THE STATE OF TEXAS, Appellee
On Appeal from the 124th Judicial District Court
Gregg County, Texas
Trial Court No. 28,525-B
Before Morriss, C.J., Ross and Carter, JJ.
Memorandum Opinion by Justice Ross
MEMORANDUM OPINION

Rodney O'Keith Johnson appeals from the revocation of his deferred adjudication community supervision. He pled guilty, as part of a plea agreement, to robbery. In accordance with the plea agreement, the trial court deferred a finding of guilt and placed Johnson on ten years' community supervision.

Later, the State moved to have the trial court revoke Johnson's community supervision, alleging he committed two violations of its terms. Johnson pled true to the State's first allegation and stipulated to its evidence regarding that allegation. The trial court found that allegation true, found Johnson guilty of robbery, and sentenced him to sixteen years' imprisonment.

On appeal, Johnson contends his sentence is disproportionate to the offense. Johnson was convicted of a second degree felony, the punishment range for which is between two and twenty years' imprisonment. See Tex. Pen. Code Ann. 12.33(a), 29.02(b) (Vernon 1994). The trial court sentenced him to sixteen years' imprisonment.

Texas courts have traditionally held that, as long as the punishment is within the range prescribed by the Legislature in a valid statute, the punishment is not excessive, cruel, or unusual. See, e.g., Jordan v. State, 495 S.W.2d 949, 952 (Tex. Crim. App. 1973). However, in Jackson v. State, 989 S.W.2d 842, 845 (Tex.
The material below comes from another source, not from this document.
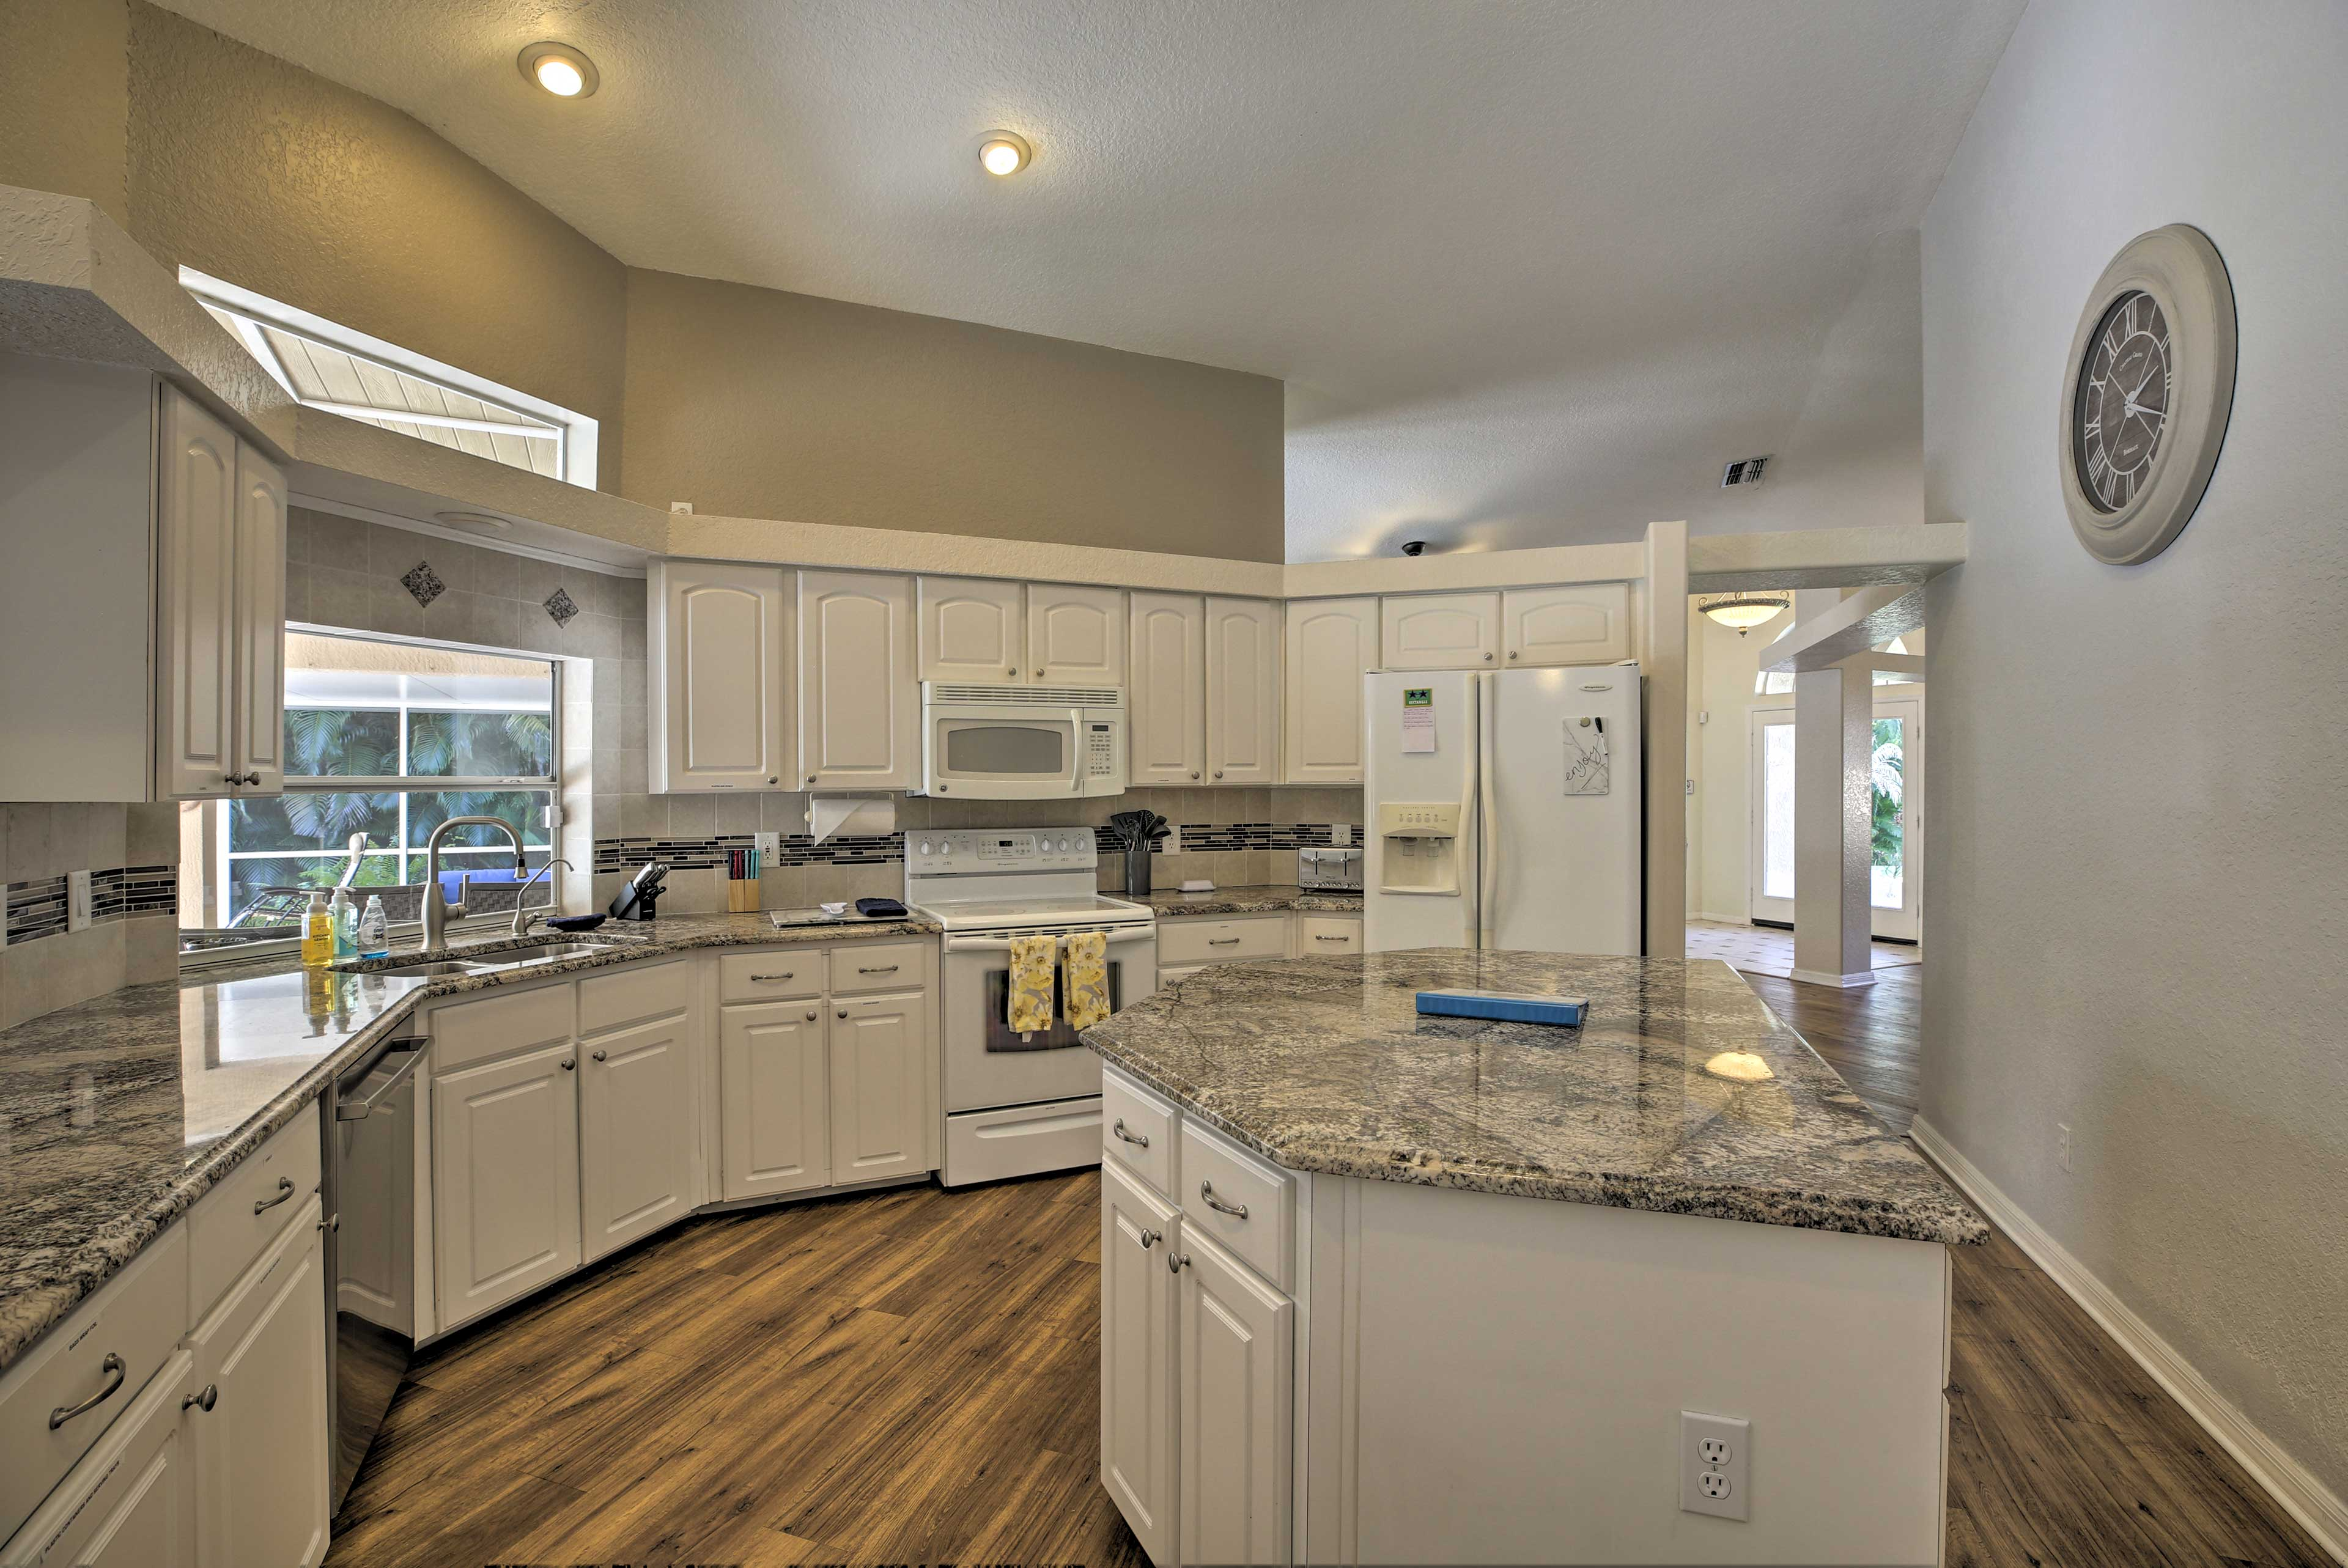 Fully Equipped Kitchen | Dishwasher | Tile Backsplash

App.-Texarkana 1999, no pet.), this Court recognized that a prohibition against grossly disproportionate punishment survives under the Eighth Amendment apart from any consideration of whether the punishment assessed is within the range established by the Legislature. See also Fluellen v. State, 71 S.W.3d 870, 873 (Tex. App.-Texarkana 2002, pet. ref'd); Latham v. State, 20 S.W.3d 63, 68-69 (Tex. App.-Texarkana 2000, pet. ref'd).

A court's proportionality analysis under both the Eighth Amendment to the United States Constitution and Article 1, 13 of the Texas Constitution should be guided by (1) the gravity of the offense and the harshness of the penalty; (2) the sentences imposed on other criminals in the same jurisdiction; and (3) the sentences imposed for commission of the same crime in other jurisdictions. See Solem v. Helm, 463 U.S. 277, 292 (1983); Simmons v. State, 944 S.W.2d 11, 15 (Tex. App.-Tyler 1996, pet. ref'd) (evaluating an appellant's Texas constitutional claim of cruel and unusual punishment under the test outlined in Solem). Only if we infer the sentence is grossly disproportionate to the offense will we then consider the remaining factors of the Solem test and compare the sentence received to sentences for similar crimes in the same jurisdiction and to sentences for the same crime in other jurisdictions. McGruder v. Puckett, 954 F.2d 313, 316 (5th Cir. 1992); see also Davis v. State, 905 S.W.2d 655, 664-65 (Tex. App.-Texarkana 1995, pet. ref'd).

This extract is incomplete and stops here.